Using Counting in Probability

  • To calculate probability using the counting techniques, decide whether order is important (permutation) or irrelevant (combination).
  • If a die is rolled and a coin is tossed, there are 6 possibilities for the die roll and 2 for the coin toss. So, the total number of outcomes is 6 times 2, equals 12.
  • For combinations, use the formula nCr = n! / [r!(n-r)!], where n is the number of total elements, r is the number of elements to choose, ‘!’ denotes factorial (eg. 3! = 3 x 2 x 1).
  • For permutations, use the formula nPr = n! / (n-r)!.

Handling Complex Outcomes

  • For counting outcomes in complex scenarios, breaking down the problem into simpler events often helps.
  • Remember, the probability of an impossible event is 0 and the probability of a certain event is 1.
  • For compound events, if the events are mutually exclusive (cannot happen together), add the probabilities.

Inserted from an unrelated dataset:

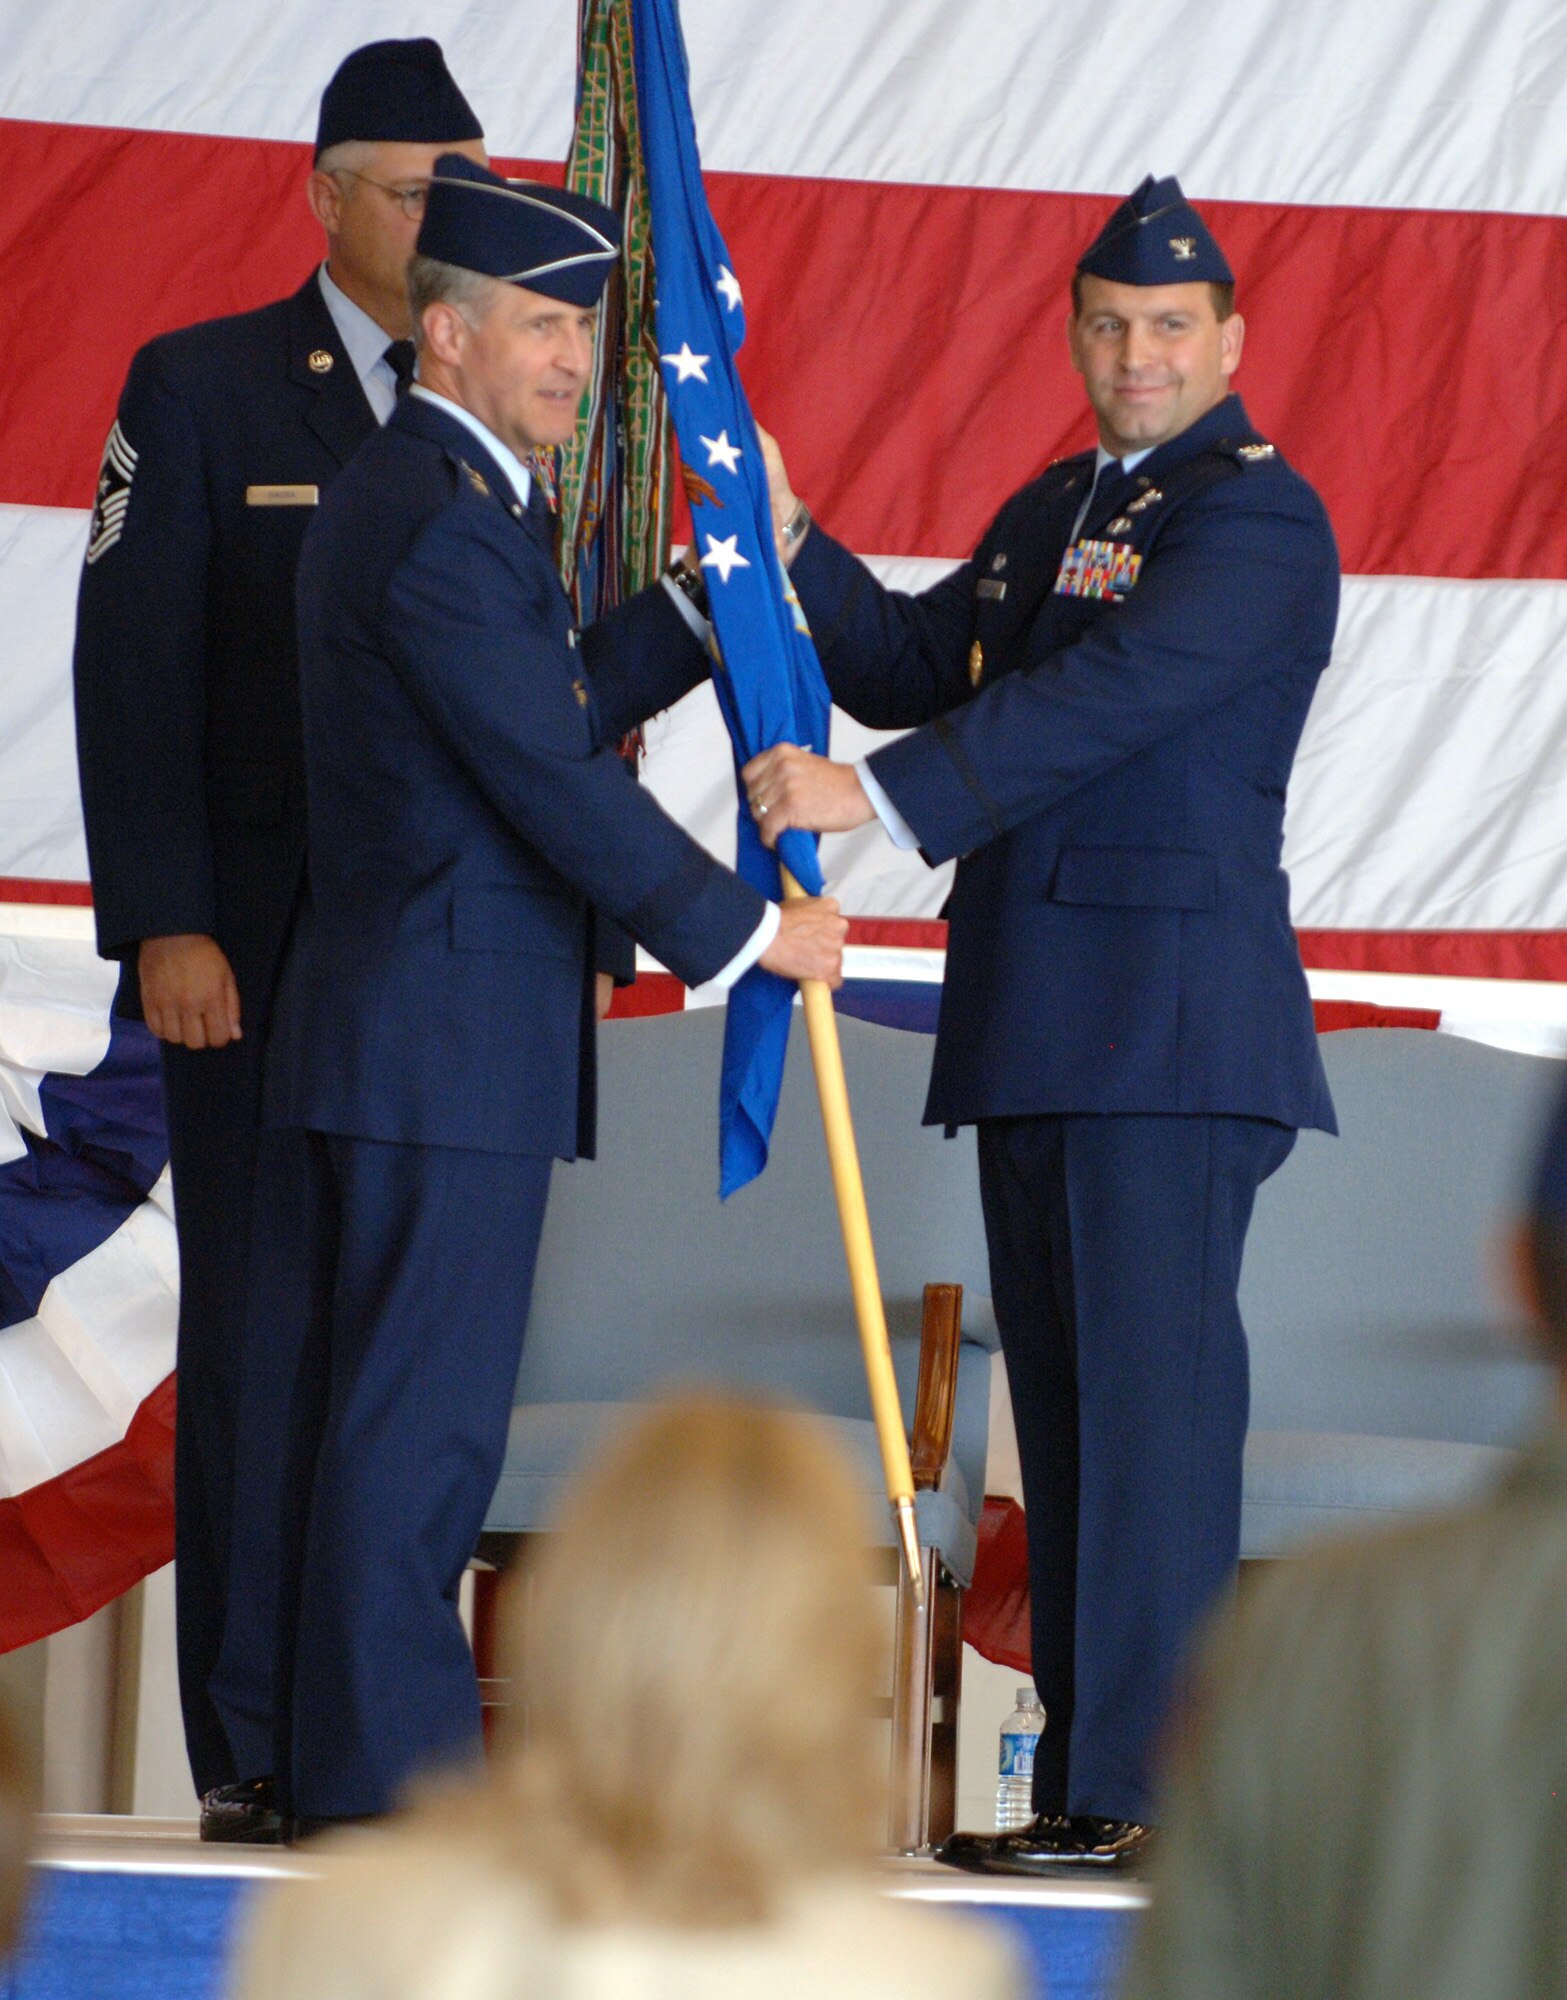 FAIRCHILD AIR FORCE BASE, Wash. – Col. Thomas Sharpy (right) assumes command of the 92nd Air Refueling Wing at a ceremony here May 22, with Maj. Gen. James Hawkins presiding. Colonel Sharpy was previously the 60th Air Mobility Wing vice commander at Travis Air Force Base, Calif. (U.S. Air Force photo/Senior Airman Chad Watkins)

If the events are not mutually exclusive (can happen together), the probability of either event happening is the sum of the probabilities minus the probability of both events happening.

Reviewing Counting Principles

  • In conclusion, counting principles are essential for calculating probabilities.
  • Understand the difference between permutations and combinations, and when to use each.
  • Practice a range of problems to become familiar with the conditions and calculations involved.